Hal ini disampaikan Kepala BPS Kepri Margareta Anggorowati, saat menyampaikan rilis berita statistik profil Kemiskinan Provinsi Kepri dan Tingkat Ketimpangan Pengeluaran Penduduk, di Kantor BPS Kepri, Tanjungpinang, Rabu (15/1/2025).
“Pada September 2024, jumlah penduduk miskin di Provinsi Kepri sebanyak 124,96 ribu jiwa atau sebesar 4,78 persen di Provinsi Kepri dibandingkan pada Maret 2024 sebesar 5,37 persen,” ungkap Margareta Anggorowati.
Dikatakan Margareta, penurunan penduduk miskin pada September 2024 mengalami penurunan 13,34 ribu jiwa dibandingkan pada Maret 2024.
“Jika dibandingkan antarprovinsi, Provinsi Kepri berada pada posisi ke-4 terendah se-Indonesia,” sebut Margareta Anggorowati.
Menurut Margareta Anggorowati, penurunan penduduk miskin di Provinsi Kepri dipengaruhi juga dengan beberapa kontribusi terbesar dari makanan dan bukan makanan di daerah perkotaan dan pedesaan di Provinsi Kepri.
“Penurunan jumlah penduduk miskin di Provinsi Kepri ini juga disebabkan beberapa tren positif pada penyaluran Bantuan Sosial pada triwulan 3 tahun 2024, pertumbuhan ekonomi Kepri yang tumbuh 1,15 persen pada triwulan 3 tahun 2024, konsumsi rumah tangga pada tw 3 yang naik 1,61 persen,” ujarnya.

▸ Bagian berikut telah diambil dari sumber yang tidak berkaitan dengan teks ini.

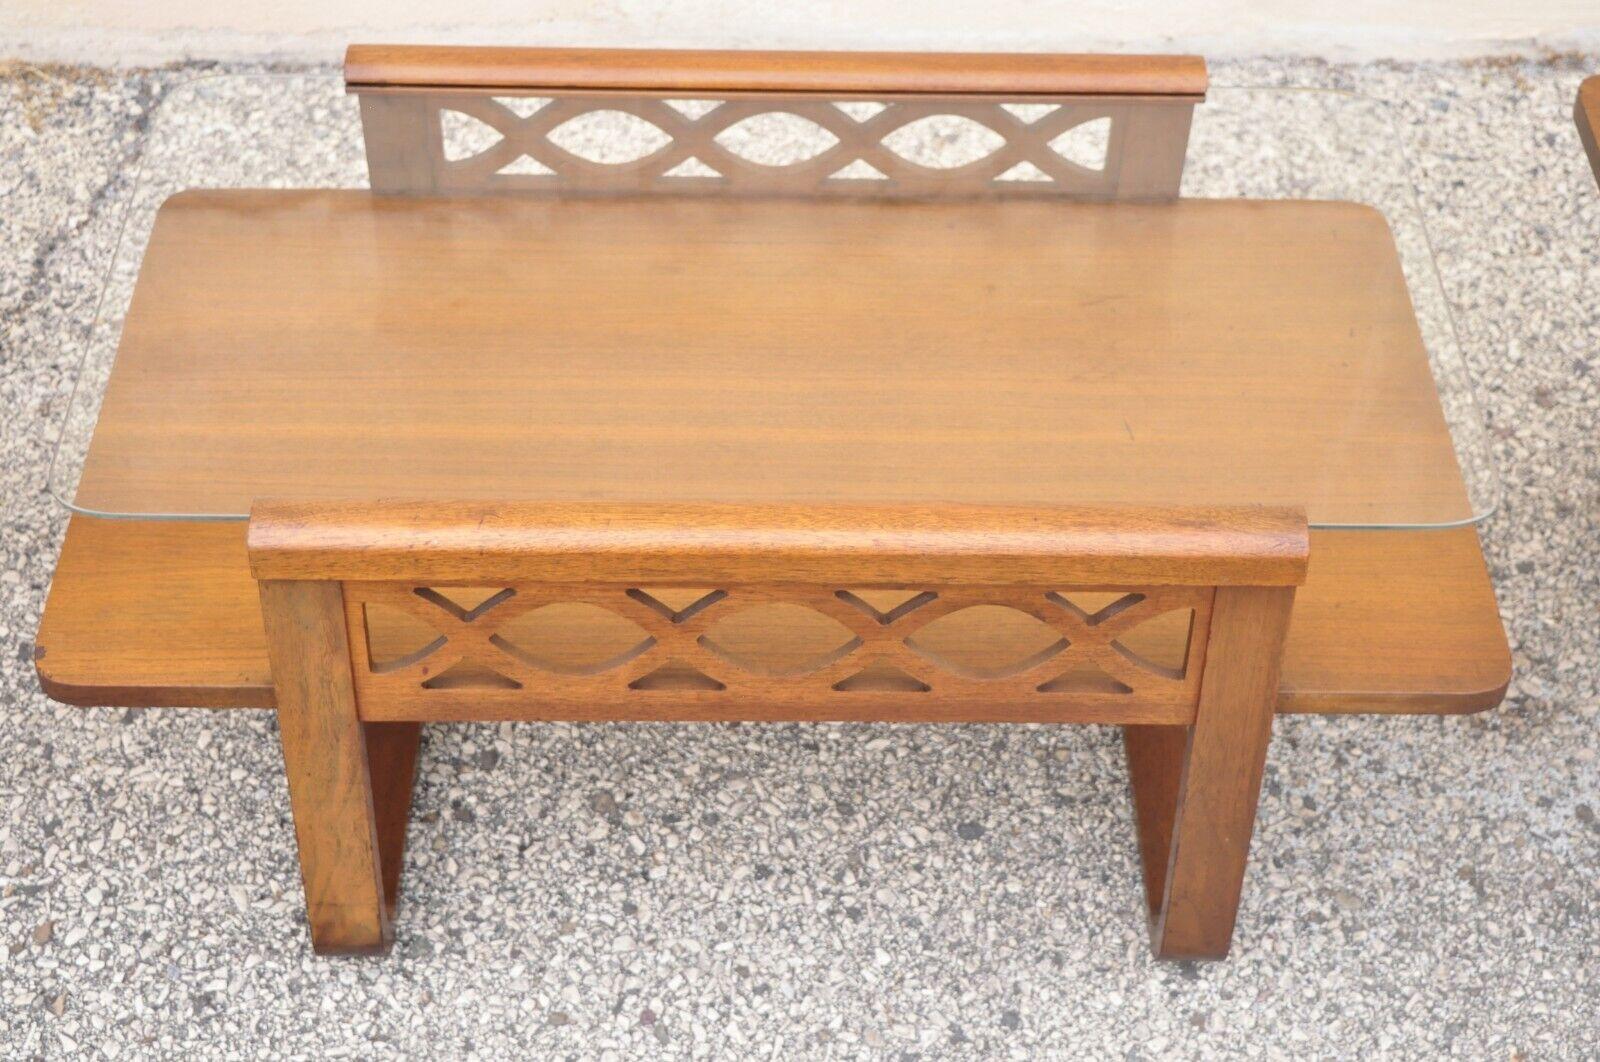 Vintage Art Deco Mid-Century Mahogany & Glass Coffee Table Set by Superior 3 Pc For Sale 6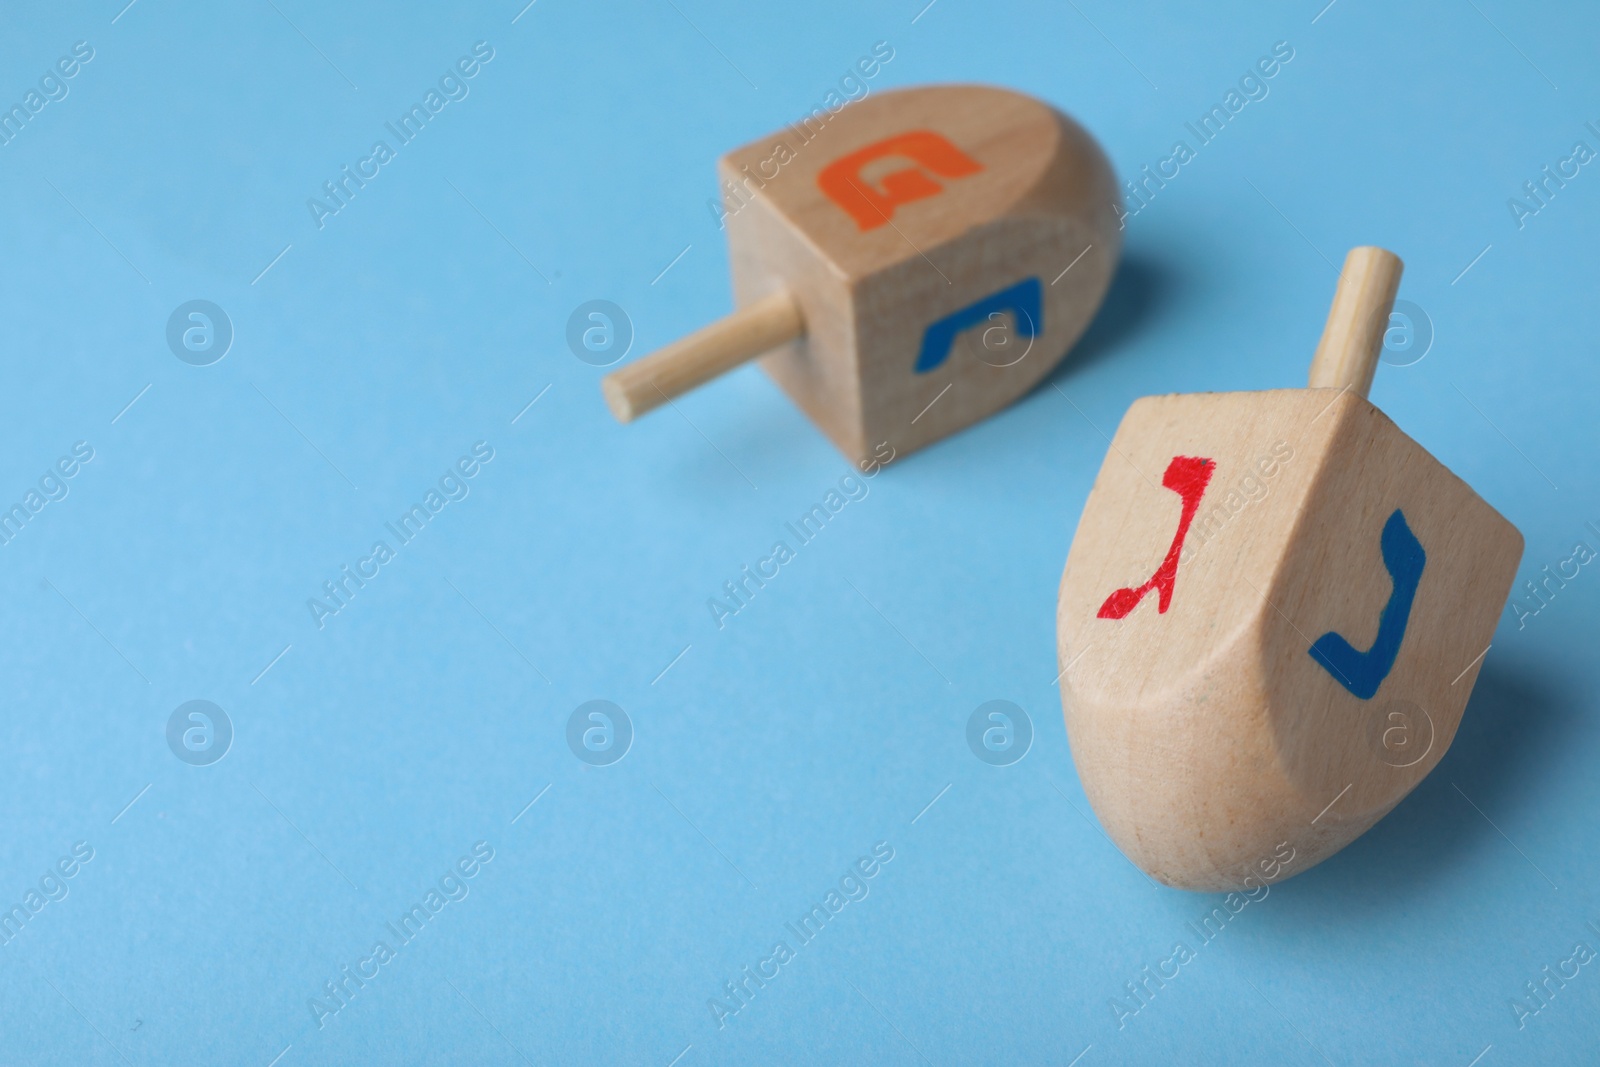 Photo of Hanukkah traditional dreidels with letters Gimel, Nun and Pe on light blue background, space for text

Serta penurunan Tingkat Pengangguran Terbuka sebesar 0,41 persen dan peningkatan upah buruh pada Agustus 2024 lalu.
Margareta Anggorowati juga memaparkan Tingkat Ketimpangan Pengeluaran Penduduk Kepri atau Gini Ratio pada September 2024 yang mengalami kenaikan 2,5 persen dari Maret 2024.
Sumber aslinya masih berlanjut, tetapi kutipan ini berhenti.